A typical approach in current ABMs involves assigning protective behaviors or related attitudes to agents based on some probability, using either hypothetical scenarios or aggregated data measuring the real characteristics of the population. For example, Rafferty et al. [7] use an ABM to simulate the impact of dose timing, coverage, and waning of immunity on chickenpox disease outcomes in Alberta, Canada. They initialize the population with vaccination attitudes based on aggregate data (65% acceptance, 30% hesitant, 5% reject). However, this approach ignores the statistical relationships between vaccine attitudes and other individual demographic, cultural, or political characteristics that synthetic population generation approaches aim to preserve.

In another example, Pandey et al. [30] use an ABM to examine the effect of bivalent boosters on COVID-19 outcomes, assuming a coverage of 59%, 51%, 38%, 54%, and 75% for age groups 5-11, 12-17, 18-49, 50-64 and 65+, respectively, informed by historical influenza data. While their model more accurately captures the relationship between booster coverage and age, whereby age 65+ are more likely to accept a booster, the study assumes spatially uniform uptake across New York City. This assumption of uniformity is common, especially since health data is often not available at finer granularities than county or state levels, meaning that spatial heterogeneities can only be captured at these coarser scales. While numerous ABMs have been developed to simulate the adoption of protective behaviors or the spread of beliefs, attitudes, perceptions towards vaccines over space and time, the use of synthetic population approaches to initialize an agent population with these characteristics has yet to be explored.

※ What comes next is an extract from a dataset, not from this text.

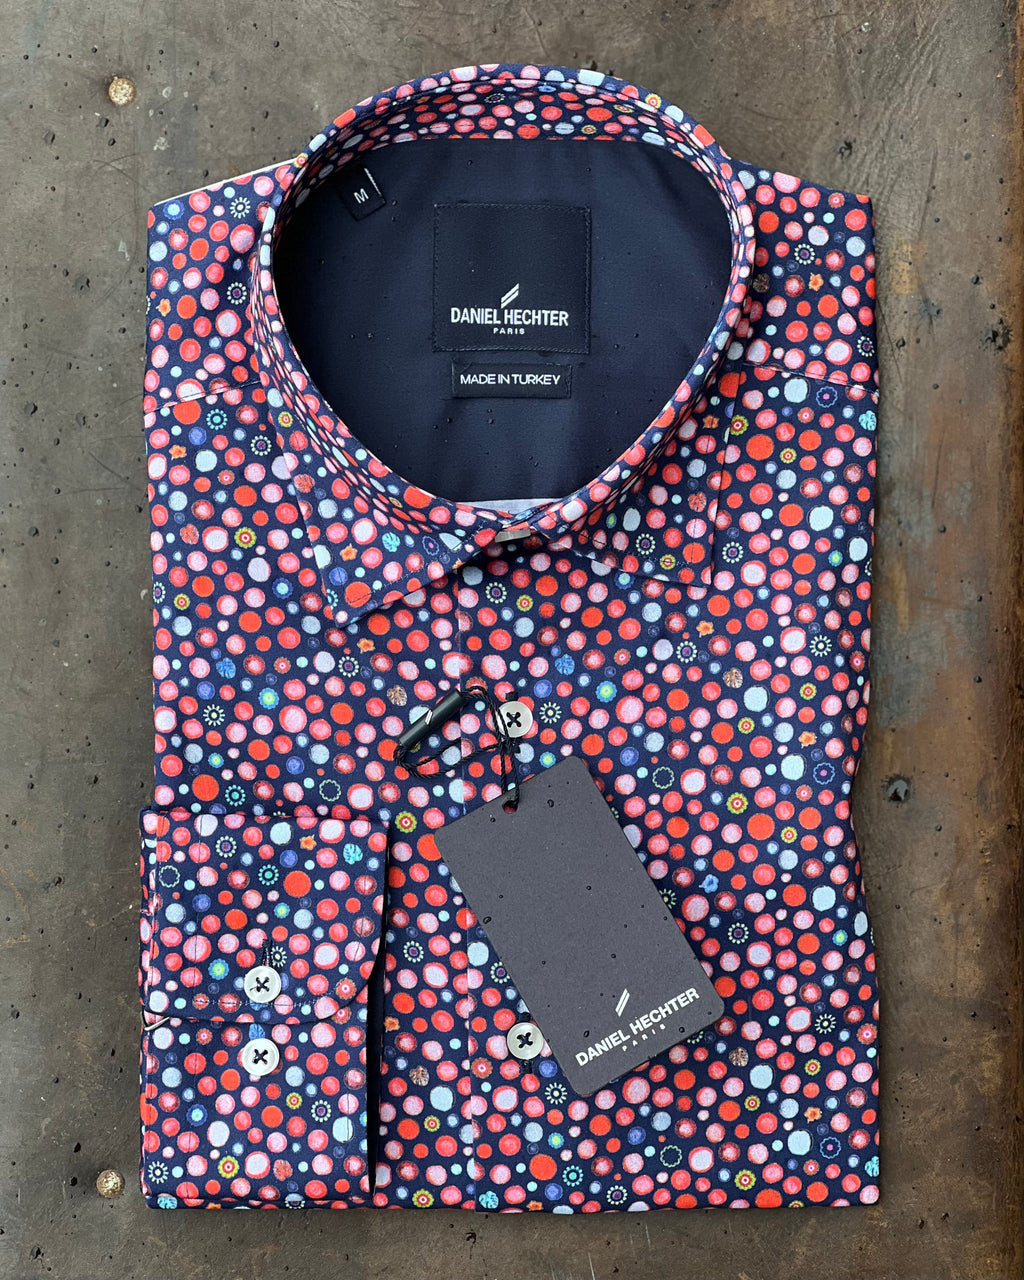 Colourful patterned long-sleeve shirt by Daniel Hechter

Therefore, the purpose of this study is to investigate how synthetic population generation approaches can be expanded to create agent populations with attitudes and initial adoption of protective behaviors, along with their spatial distributions. Specifically, we aim to replace datasets commonly used in synthetic population generation that provide individual-level data from samples with coarser geographic resolution, such as the U.S. Census Bureau’s Public Use Microdata Sample (PUMS) [21], with public health surveys. Using COVID-19 as a case study, we explore the potential for this approach by generating a synthetic population representing Virginia, U.S. and their vaccine attitudes and uptake as of December 2021. We obtain real vaccine uptake for Virginia at the census tract level for the same point in time to validate our results, comparing the populations generated by two different national public health surveys.

2. Background

With the growing use of ABMs across disciplines such as economics, geography and biology [10], a wealth of synthetic population generation methods have been developed to create agent populations. These populations serve as simplified microscopic representations of the targeted population, reflecting individuals and their socio-demographic characteristics relevant to the study [31]. The emergence of synthetic population generation approaches is largely due to several factors, including privacy restrictions that prevent access to detailed individual-level data at fine spatial scales, the ability of ABMs to simulate social dynamics and behaviors which are connected with individual attributes, and advancements that have made ABMs more data-informed and effective as predictive tools for decision support [32,33].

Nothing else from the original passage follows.